Input for this task:
┄┄┄┄┄┄

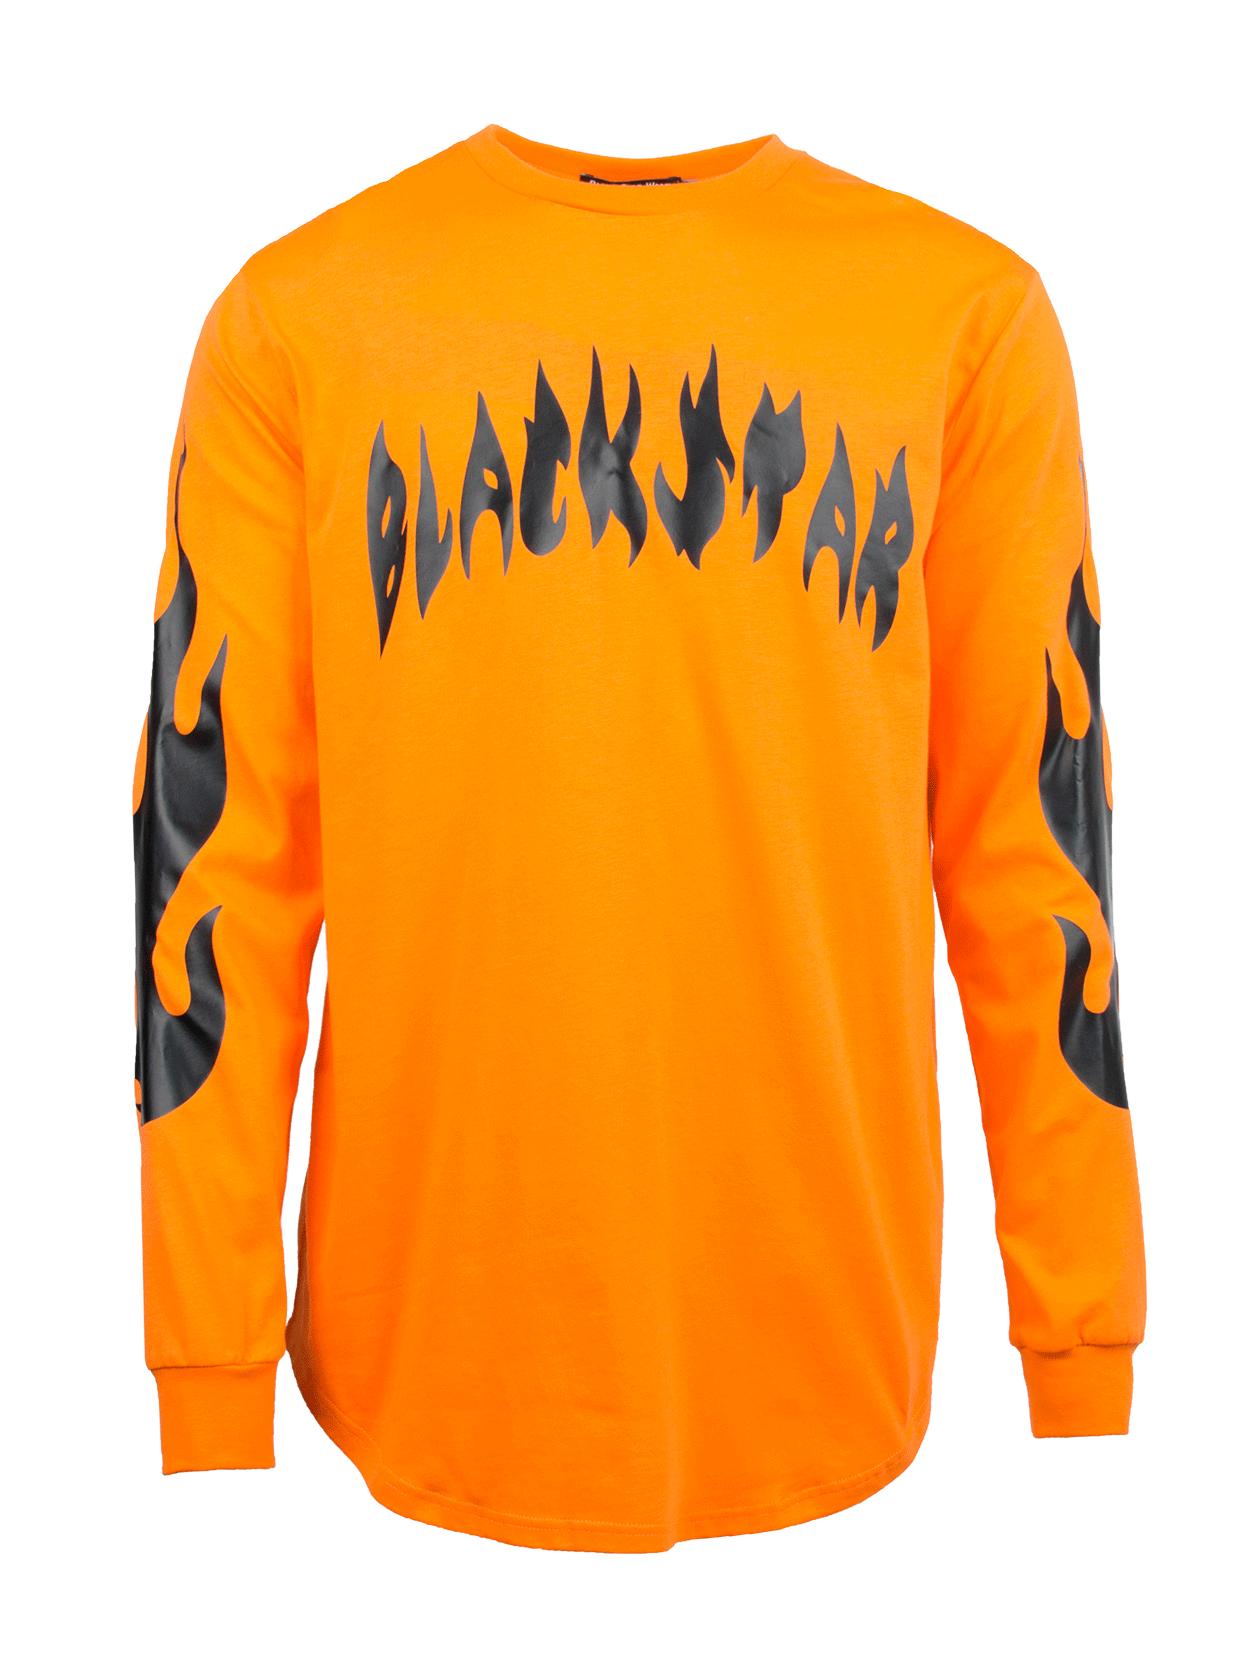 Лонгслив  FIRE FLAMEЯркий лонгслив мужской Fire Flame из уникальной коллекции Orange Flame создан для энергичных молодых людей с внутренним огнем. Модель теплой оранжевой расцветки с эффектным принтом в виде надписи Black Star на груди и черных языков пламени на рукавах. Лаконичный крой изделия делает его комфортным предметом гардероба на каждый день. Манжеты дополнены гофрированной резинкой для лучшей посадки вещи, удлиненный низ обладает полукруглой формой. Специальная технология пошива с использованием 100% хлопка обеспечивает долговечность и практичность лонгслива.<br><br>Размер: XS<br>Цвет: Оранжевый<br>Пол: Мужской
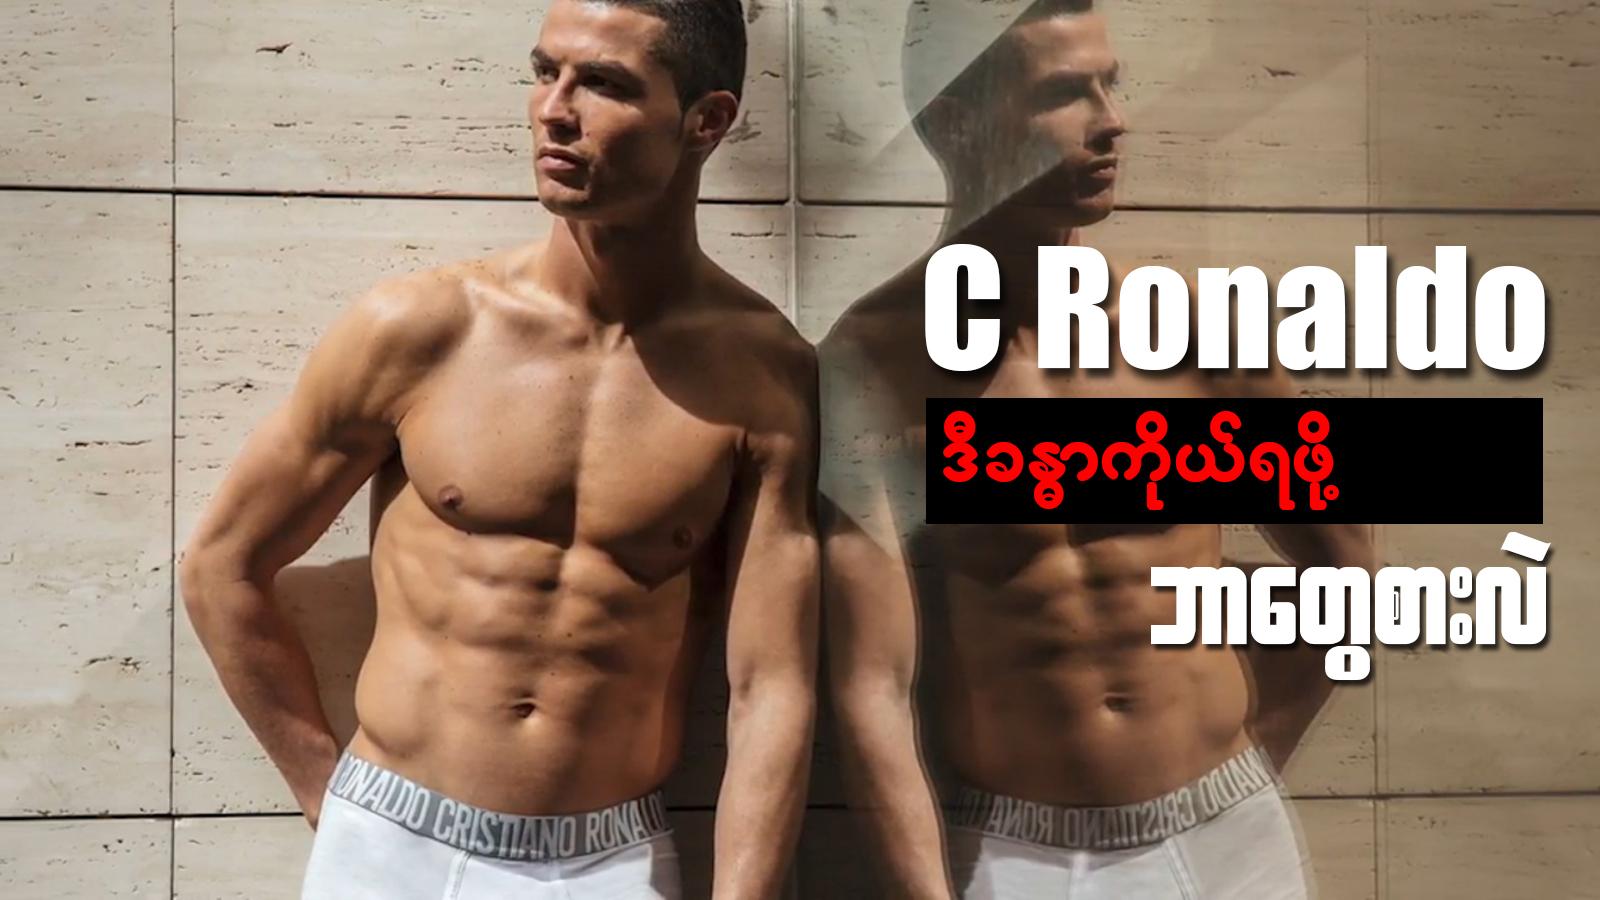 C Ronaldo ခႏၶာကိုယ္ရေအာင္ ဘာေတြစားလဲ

┄┄┄┄┄┄

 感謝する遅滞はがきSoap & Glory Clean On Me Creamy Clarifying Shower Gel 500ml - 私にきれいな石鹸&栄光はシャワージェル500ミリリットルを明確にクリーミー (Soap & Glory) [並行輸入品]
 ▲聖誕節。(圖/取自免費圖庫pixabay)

┄┄┄┄┄┄

Exercise instructions:
Copy nothing but the lines above from the one with "XS<br>Цвет: Оранжевый<br>Пол: Мужской" to the one with "C Ronaldo ခႏၶာကိုယ္ရေအာင္ ဘာေတြစားလဲ", inclusive, word for word. Leave every picture out.

Answer area:
 Лонгслив  FIRE FLAMEЯркий лонгслив мужской Fire Flame из уникальной коллекции Orange Flame создан для энергичных молодых людей с внутренним огнем. Модель теплой оранжевой расцветки с эффектным принтом в виде надписи Black Star на груди и черных языков пламени на рукавах. Лаконичный крой изделия делает его комфортным предметом гардероба на каждый день. Манжеты дополнены гофрированной резинкой для лучшей посадки вещи, удлиненный низ обладает полукруглой формой. Специальная технология пошива с использованием 100% хлопка обеспечивает долговечность и практичность лонгслива.<br><br>Размер: XS<br>Цвет: Оранжевый<br>Пол: Мужской
 C Ronaldo ခႏၶာကိုယ္ရေအာင္ ဘာေတြစားလဲ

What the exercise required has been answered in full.